Publisher's Synopsis
"An illuminating meditation on postmodernist elements in Pygmalion . . . it offers valuable insights into Shaw's ways of thinking about and representing experience."--Jonathan Wisenthal, University of British Columbia
In the first book-length treatment of Bernard Shaw as a postmodern writer, Jean Reynolds offers a fresh interpretation of Pygmalion, one of Shaw's most enduring plays. Challenging widely held assumptions about Shaw, she maintains that he critiqued conventional notions about language and psychology long before such iconoclasts as Jacques Derrida and James Hillman came on the scene.
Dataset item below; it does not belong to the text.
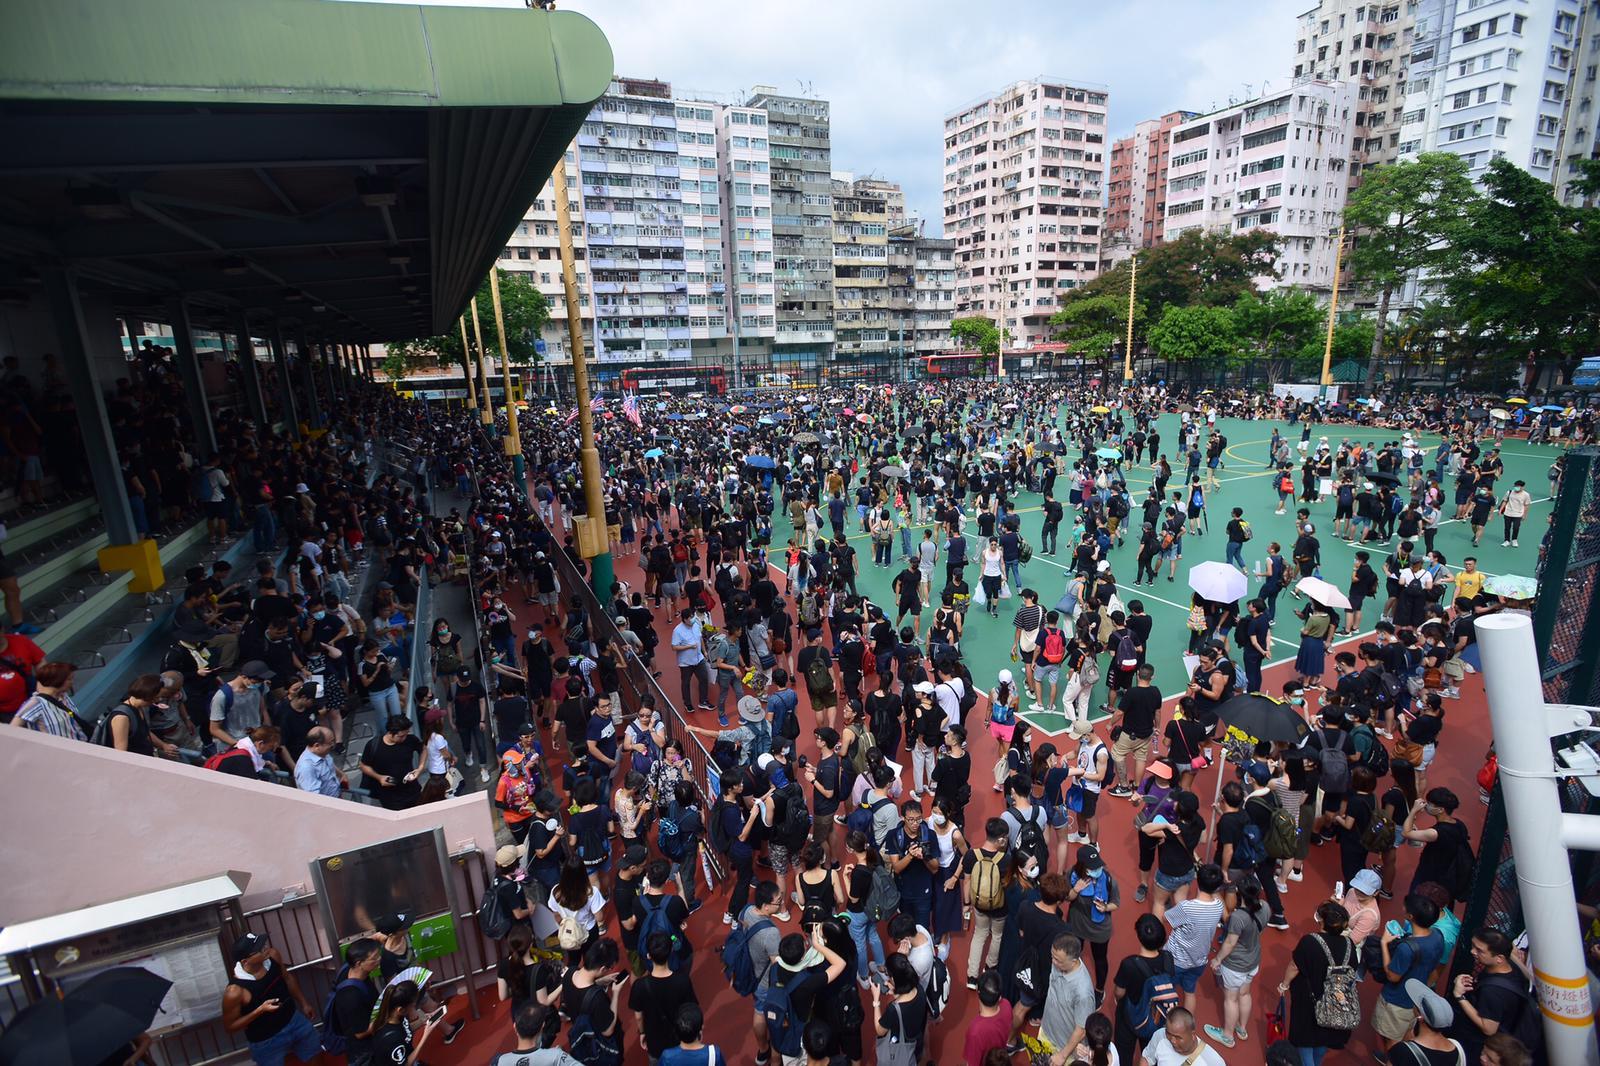 黑衣群眾楓樹街球場起步。

Reynolds calls Pygmalion "the Shavian creation myth" and compares Henry Higgins's struggle to transform a bedraggled flower girl into a duchess to Shaw's reinvention of himself as the larger-than-life G.B.S. who entertained and edified an immense readership.
Reynolds argues that long before Derrida, Karl Marx's ideas about language were a powerful influence on Shaw. In Pygmalion, Shaw topples the "binary oppositions," as Derrida calls them, that characterize Western thought: essence versus appearance, speech versus writing, authenticity versus performance. Reynolds exposes a metaphysical debate in the conflicts between Eliza Doolittle and Henry Higgins that repeats itself in Shaw's conflicts with his public, which often misunderstood his penchant for role-playing and rhetorical flamboyance.
Pygmalion's Wordplay reveals an unexpected side of Shaw--his acute insight into linguistic and psychological concepts that dominate postmodern thought--that will be provocative to Shavians and Derrideans alike.
Jean Reynolds is professor of English at Polk Community College in Winter Haven, Florida. She is the author of two textbooks, Succeeding in College and Sentence Power, and has published articles in such journals as SHAW: The Annual of Shaw Studies and the Anglo-Welsh Review.